How to Create a Robust STEM Library Program

Erin M. Schadt /

STEM learning (that's science, technology, engineering and math) seems to be on the tips of tongues everywhere from teachers to library staff to the President of the United States.

But starting a new area of programming can sometimes feel daunting, especially when the focus is often on the advanced scientific tools from 3-D printers to robots. (see related article below)

That's why it was so welcome to watch the recent webinar Make, Do, Share: Build a STEM Learning Community and hear presenter Shannon Peterson, Youth Services Manager at Kitsap Regional Library say "the tools and technology were nowhere near as important as the learning."

Peterson and colleague Seth Ciotti emphasized throughout the webinar that while it's easy to get focused on technologies, that community building with kids was the most critical element, so that kids could feel supported to experiment, question and even fail. "Learning can only happen well when you feel supported and connected," explains Peterson.
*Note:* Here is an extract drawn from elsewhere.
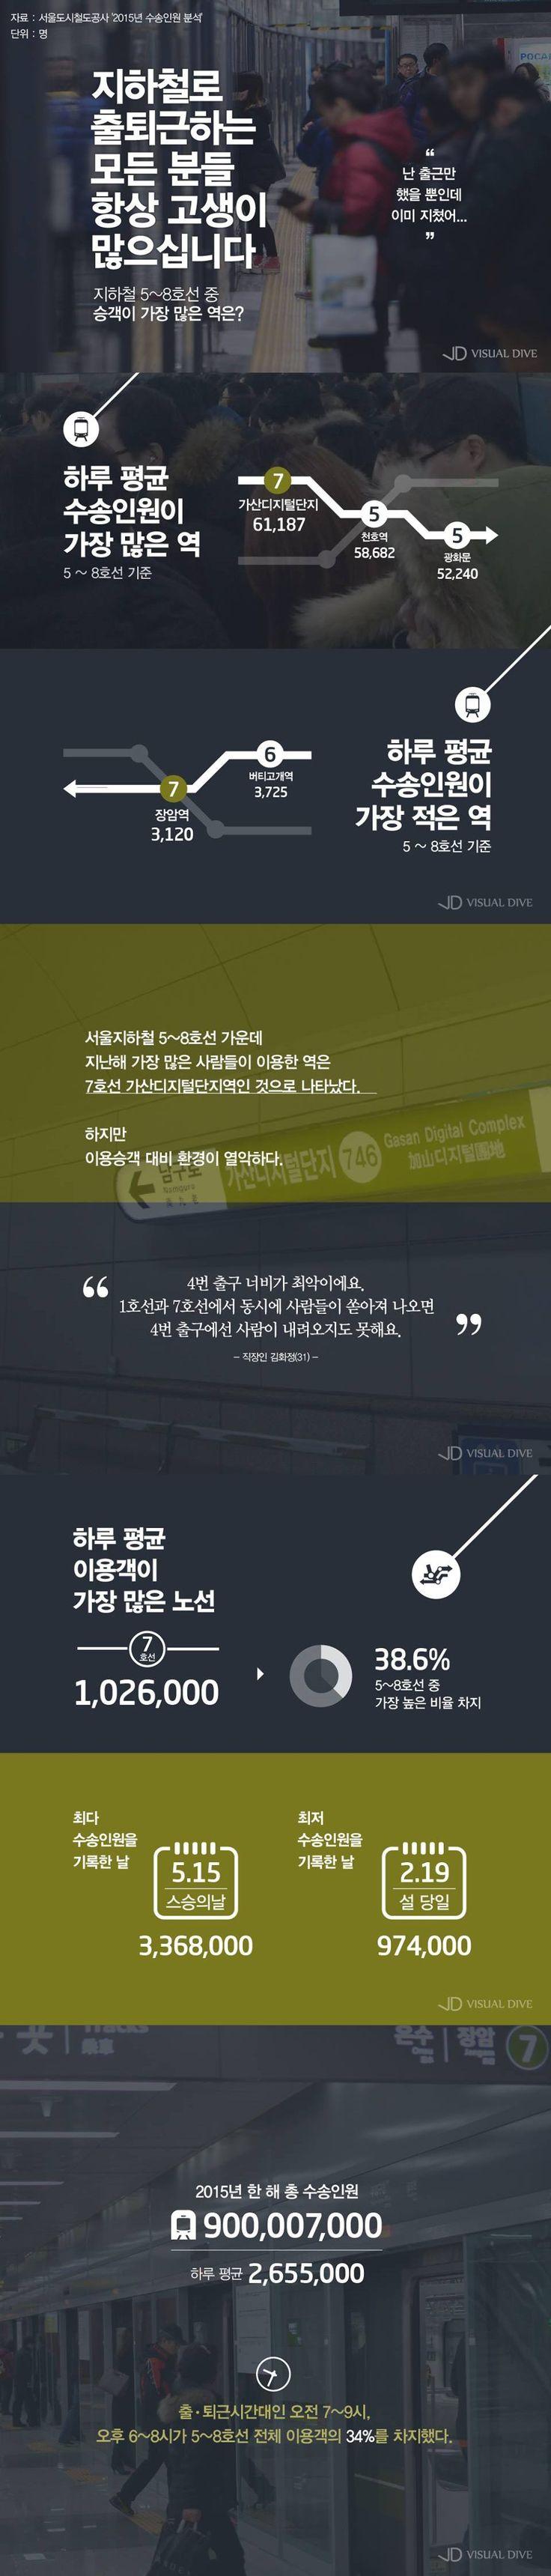 서울지하철 5~8호선 중 최다 승객 붐빈 역 [인포그래픽] #Subway / #infograhpic ⓒ 비주얼다이브 무단 복사·전재·재배포 금지

The library's first foray into STEM was creating the BiblioTEC program with a grant in 2012 from the Paul G. Allen Family Foundation. At first they spent a lot of time on technology and tools, but it turns out that while the tools were important, what the students wanted to learn and explore was way more important than the adults being experts on 3-D printers or other tools.

This was just one of the essential lessons they learned in the BiblioTEC program and that they are now employing in their latest endeavor, the project Make, Do, Share: Build a STEM Learning Community. The project is wrapping up and they are putting finishing touches on a STEM Playbook due out at the end of June that will give more detail about the new model for STEM programming they created.

The webinar provides a sneak peek at some of their key take-ways. "We focused on creating something that suits diverse library and community types, that suits the changing needs of youth in those communities, and also adapting to various staff comfort levels and experience," says Peterson.

One important aspect of offering STEM programming is being able to articulate why STEM is important (for example that STEM careers are growing three times faster than non-STEM careers, and the skill sets are applicable in many different jobs).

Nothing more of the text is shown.